▶ DATA PROVIDED

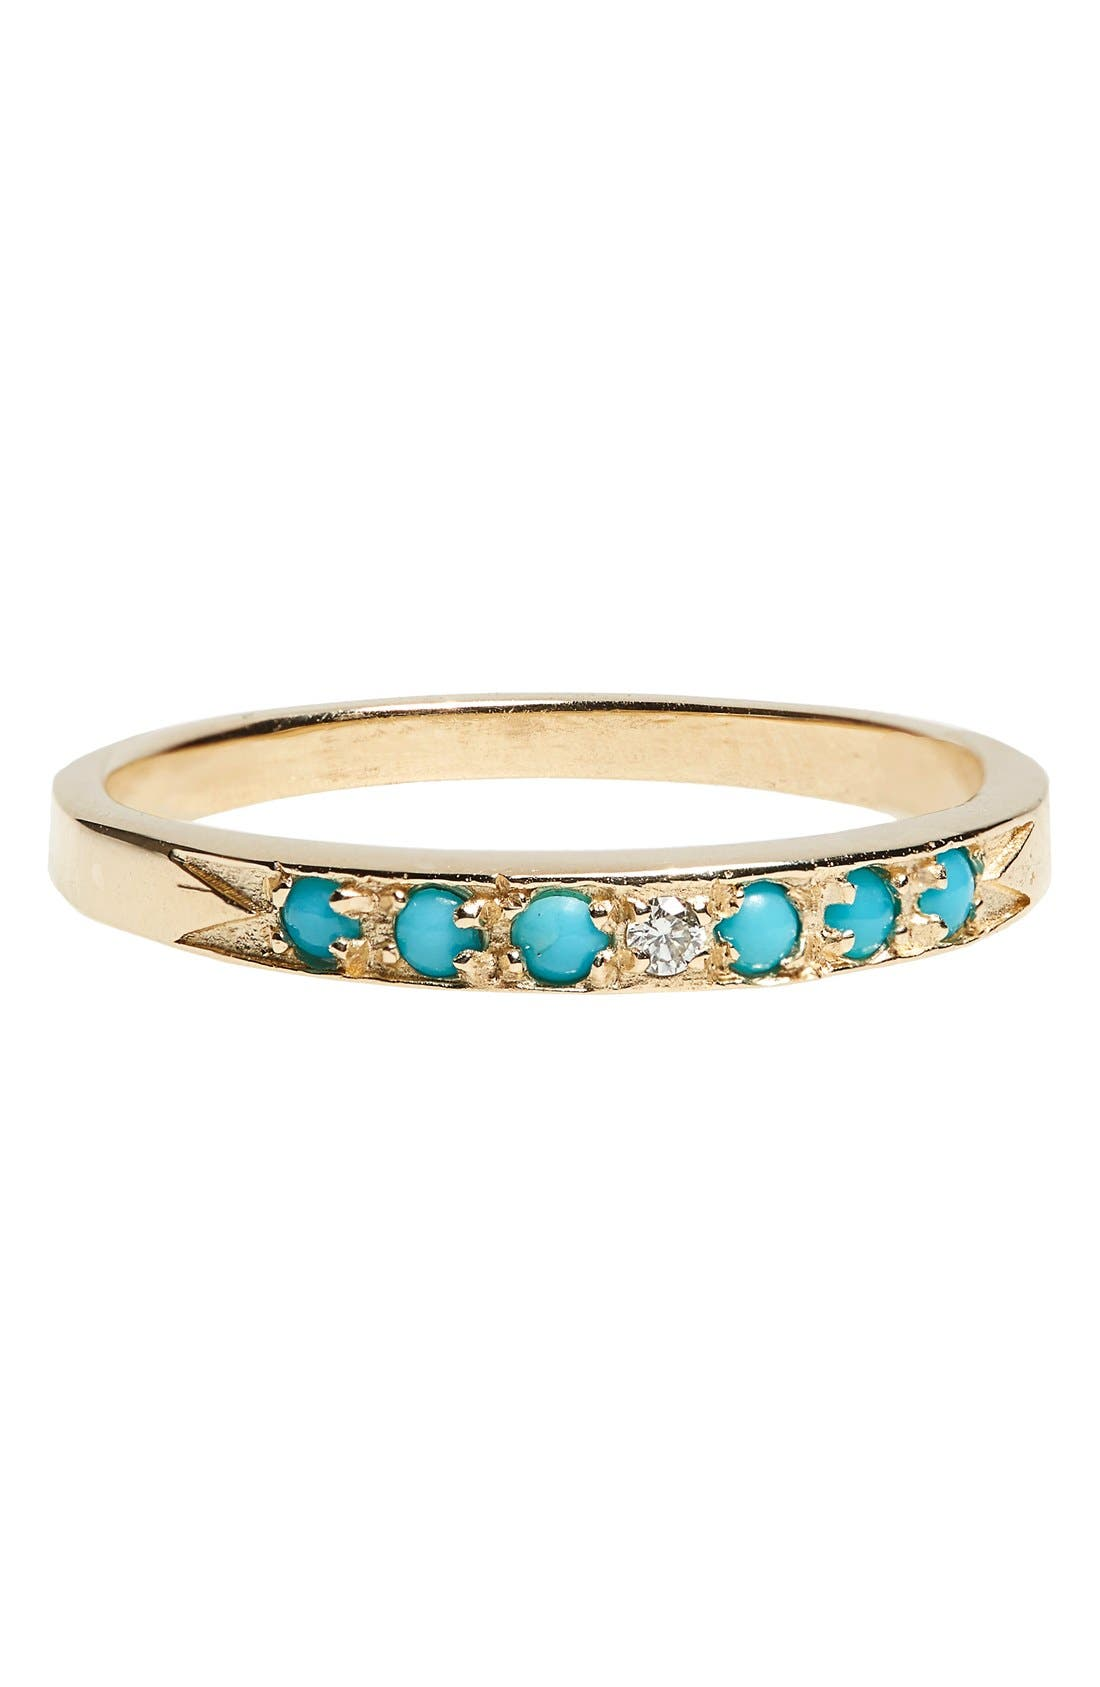 'Moon & Stars' Single Band Turquoise & Diamond Ring,                         Main,                         color,
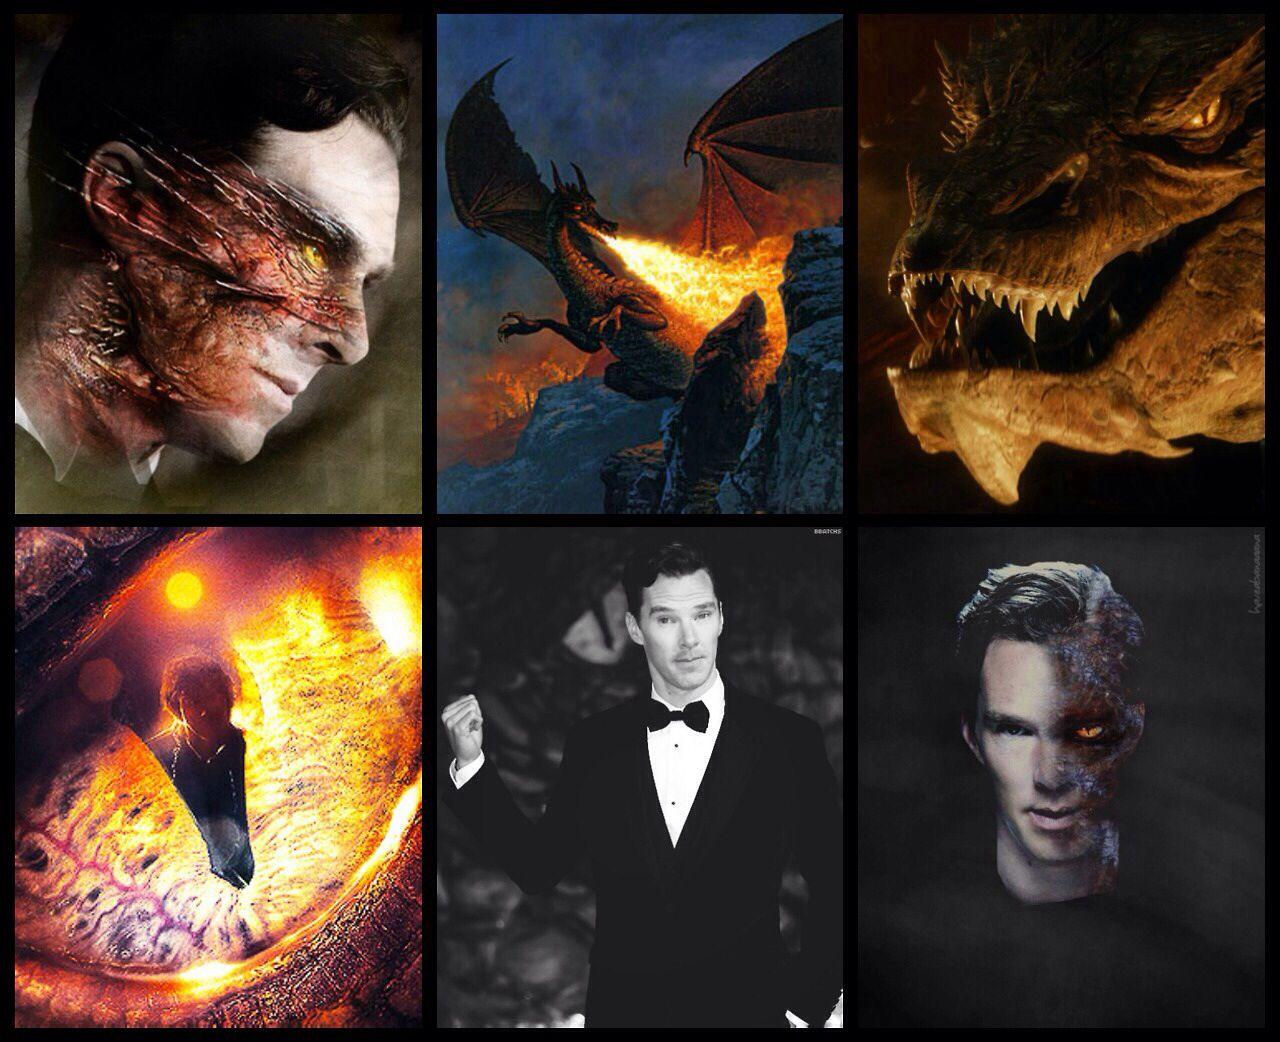 Benedict- Smaug/Necromancer | The hobbit movies, The ...
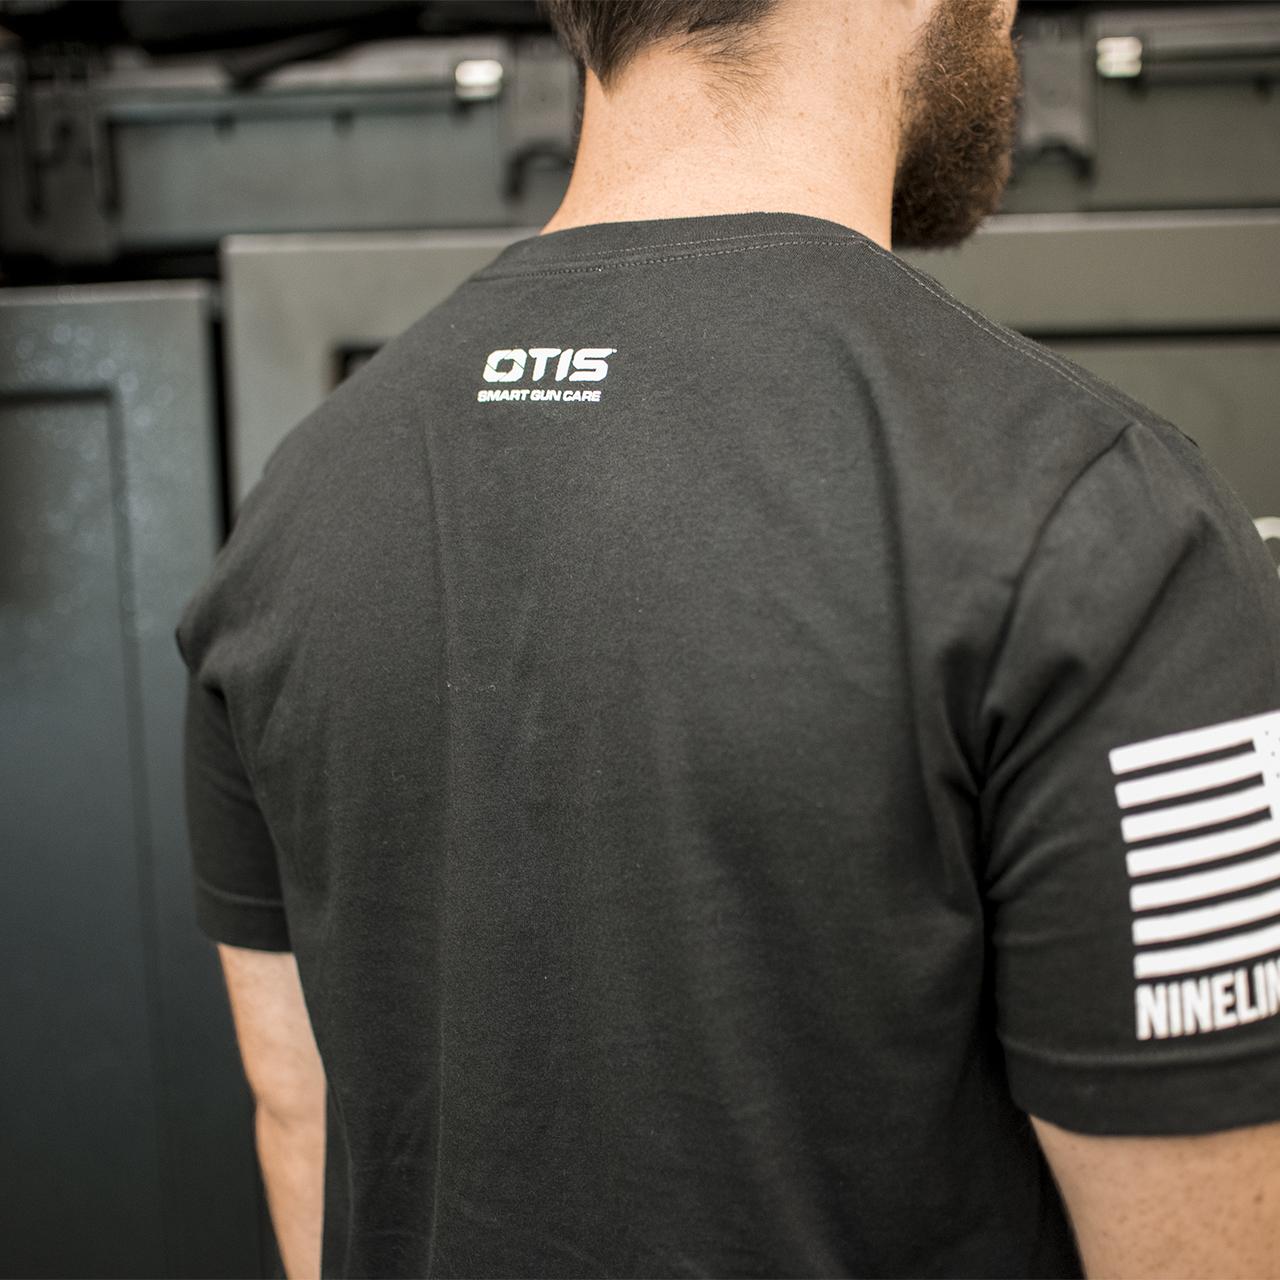 Otis Nine Line Plink T-Shirt
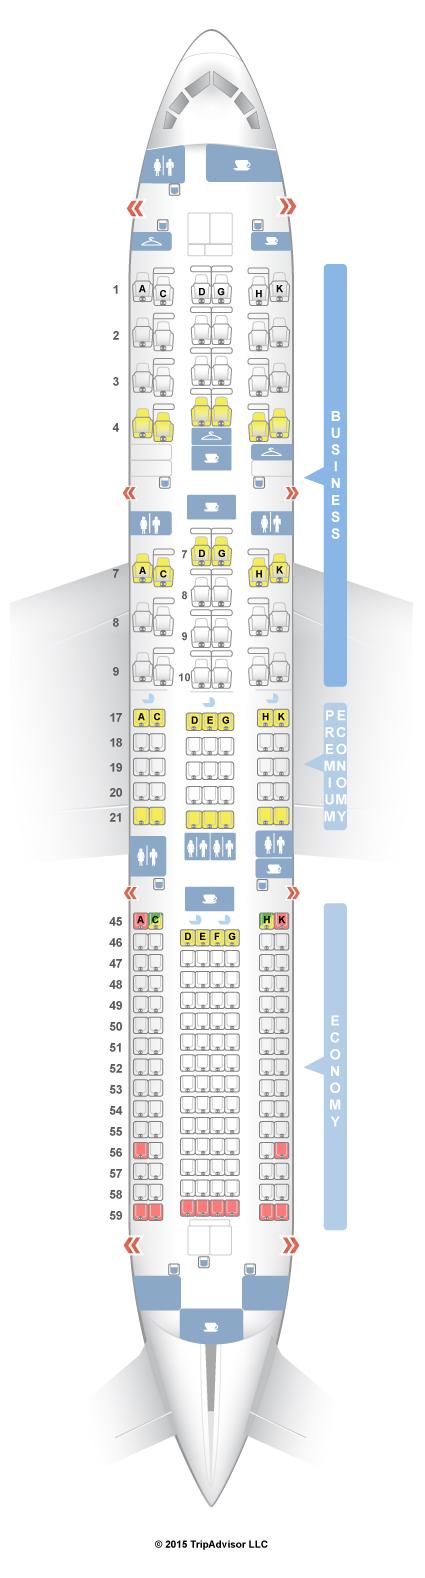 SeatGuru Seat Map Japan Airlines - SeatGuru

▶ WORK REQUEST
The material is to be written out word for word, and the pictures are to be left out.

▶ EXERCISE RESULT
 'Moon & Stars' Single Band Turquoise & Diamond Ring,                         Main,                         color,
 Benedict- Smaug/Necromancer | The hobbit movies, The ...
 Otis Nine Line Plink T-Shirt
 SeatGuru Seat Map Japan Airlines - SeatGuru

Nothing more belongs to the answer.